Sort a list of tuples by 2nd item (integer value)
PythonListTuplesPython Problem Overview
I have a list of tuples that looks something like this:
[('abc', 121),('abc', 231),('abc', 148), ('abc',221)]
I want to sort this list in ascending order by the integer value inside the tuples. Is it possible?
Python Solutions
Solution 1 - Python
Try using the key
keyword with sorted()
.
sorted([('abc', 121),('abc', 231),('abc', 148), ('abc',221)],
key=lambda x: x[1])
key
should be a function that identifies how to retrieve the comparable element from your data structure. In your case, it is the second element of the tuple, so we access [1]
.
For optimization, see jamylak's response using itemgetter(1)
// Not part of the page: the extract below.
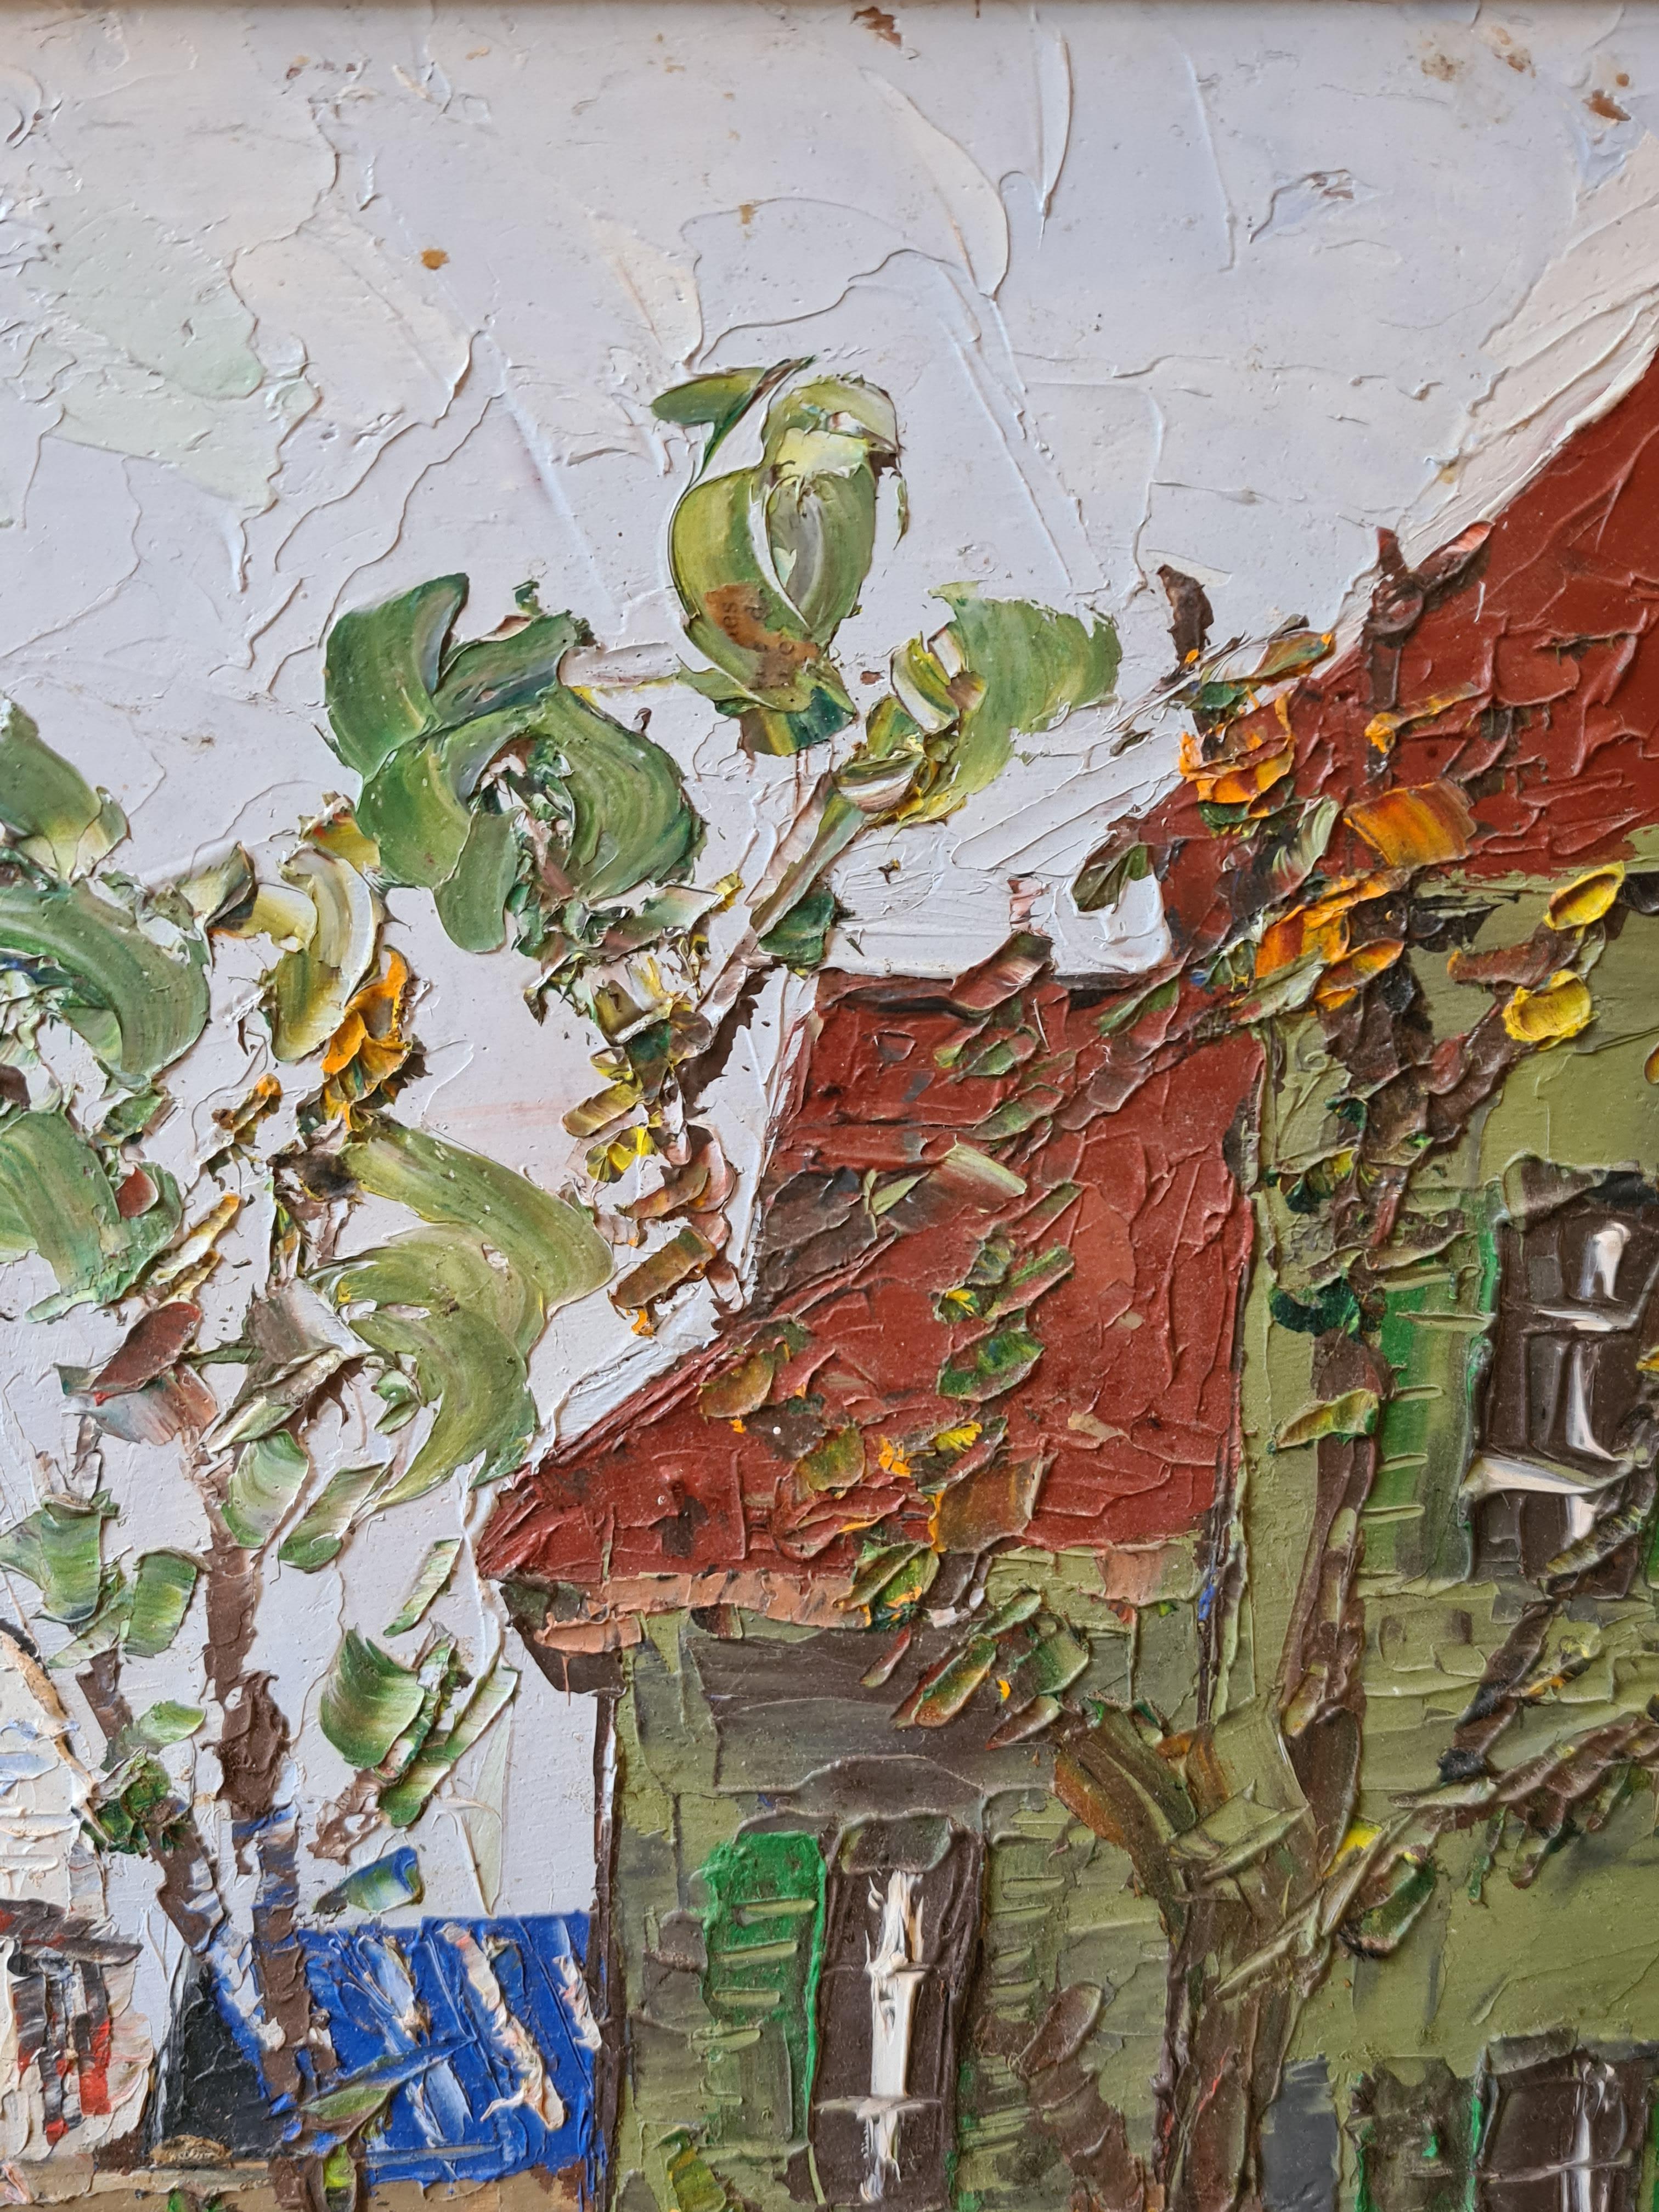 Französischer Expressionist, Öl auf Karton, Place du Tertre und Sacre Coeur in Paris von Bernard Vivier. Signiert auf der Rückseite der Tafel, präsentiert in einem schlichten Holzrahmen.

Ein wunderschönes, farbenfrohes und lebhaftes Gemälde dieses

, which is essentially a faster version of lambda x: x[1]
.
Solution 2 - Python
>>> from operator import itemgetter
>>> data = [('abc', 121),('abc', 231),('abc', 148), ('abc',221)]
>>> sorted(data,key=itemgetter(1))
[('abc', 121), ('abc', 148), ('abc', 221), ('abc', 231)]
IMO using itemgetter
is more readable in this case than the solution by @cheeken. It is
also faster since almost all of the computation will be done on the c
side (no pun intended) rather than through the use of lambda
.
>python -m timeit -s "from operator import itemgetter; data = [('abc', 121),('abc', 231),('abc', 148), ('abc',221)]" "sorted(data,key=itemgetter(1))"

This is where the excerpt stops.